Update queue dont keep ops in ram by IvanPleshkov · Pull Request #7951 · qdrant/qdrant

IvanPleshkov · 2026-01-20T13:58:22Z

Summary

This PR reduces the RAM usage of the pending operations in Update Worker.

Description

Update worker has a channel with pending operations. Each pending has an OperationData, which contains the request data.

In case of bulk upload the channel may be huge and it consumes a lot of RAM.

This PR changes the logic of the Update Worker, and instead of storing the request in RAM, the Update Worker reads the request from the WAL instead.

Performance

With buffering, there were no performance drops found.

Using the vector db benchmark, the size of the update didnt reach the buffer size limit.
Using BFB, I got a full update queue using params --threads=8 --num-vectors=1000000. But still, the difference between runs is larger than the difference between branches.

Without buffering (by changing DEFAULT_UPDATE_QUEUE_RAM_BUFFER to zero), there is a performance drop.
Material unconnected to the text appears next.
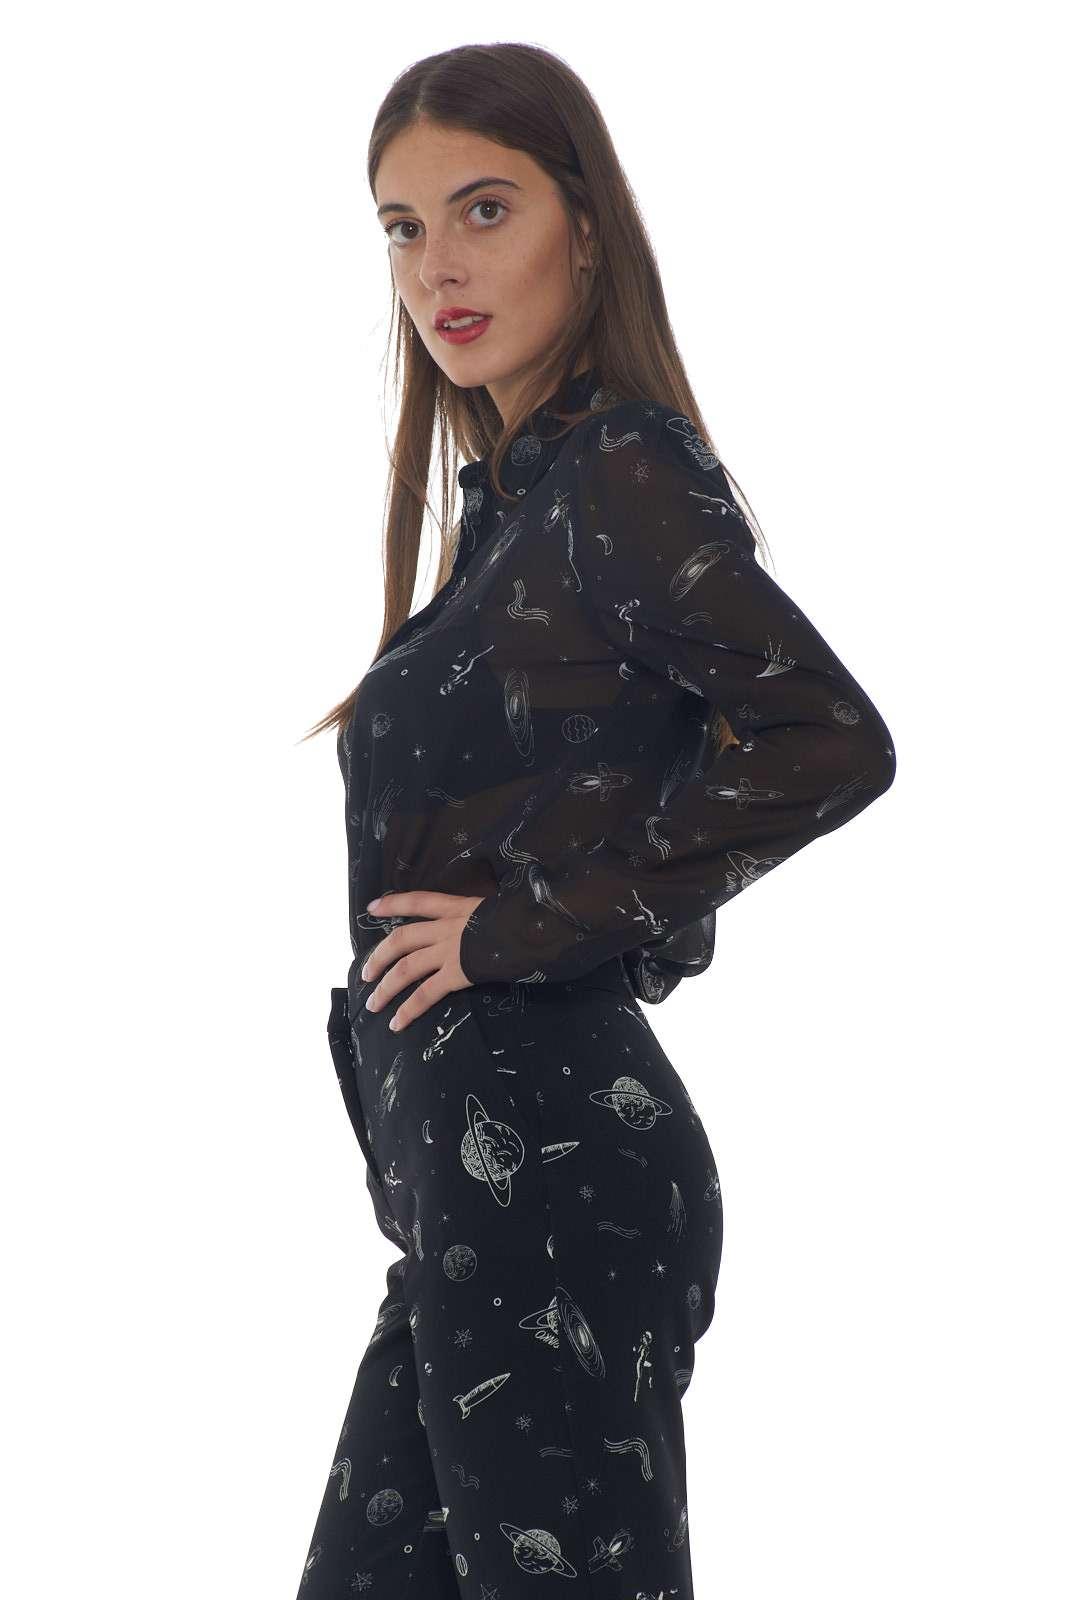 https://www.parmax.com/media/catalog/product/a/i/AI-outlet_parmax-camicia-donna-Pinko-1B145W-B.jpg

Because of deserialization, local measurements shown that deserialization might take 1-2ms of a large batched upsert. It's a fine price for unlimited update queue where ram usage has a higher priority than deserialization cost.

cound only pending in update worker operations fix typo use channel size instead of wal index

timvisee · 2026-01-26T15:53:37Z

lib/collection/src/shards/local_shard/shard_ops.rs

+            let keep_operation_in_ram = pending_operations_count < DEFAULT_UPDATE_QUEUE_RAM_BUFFER;
+            let operation = keep_operation_in_ram.then_some(Box::new(operation.operation));
+
            channel_permit.send(UpdateSignal::Operation(OperationData {


This struct is at least 152 bytes per operation, even for just a pointer to the WAL.

Just the hw_measurements field takes 120 bytes.

With that, we should probably box it too. An alternative would be an enum that satisfies all variants, but I cannot come up with a good one with these three fields.

I think it's worth a little bit of effort.

Thanks for this measurement, I didnt attach it to the PR description.
Just a boxing wont help because we still need this field, box will move a memory without a profit. But I can try as a separate PR to refactor hw counter, where I can try to reduce Arc count here (by arc-ing the whole structure):

pub struct HwSharedDrain { pub(crate) cpu_counter: Arc<AtomicUsize>, pub(crate) payload_io_read_counter: Arc<AtomicUsize>, pub(crate) payload_io_write_counter: Arc<AtomicUsize>, pub(crate) payload_index_io_read_counter: Arc<AtomicUsize>, pub(crate) payload_index_io_write_counter: Arc<AtomicUsize>, pub(crate) vector_io_read_counter: Arc<AtomicUsize>, pub(crate) vector_io_write_counter: Arc<AtomicUsize>, }

Is it fine for you?

Just a boxing wont help because we still need this field, box will move a memory without a profit. But I can try as a separate PR to refactor hw counter, where I can try to reduce Arc count here (by arc-ing the whole structure):

Good point. Even for values that we drop from memory will still have their HW aggregator attached. Thanks for the correction.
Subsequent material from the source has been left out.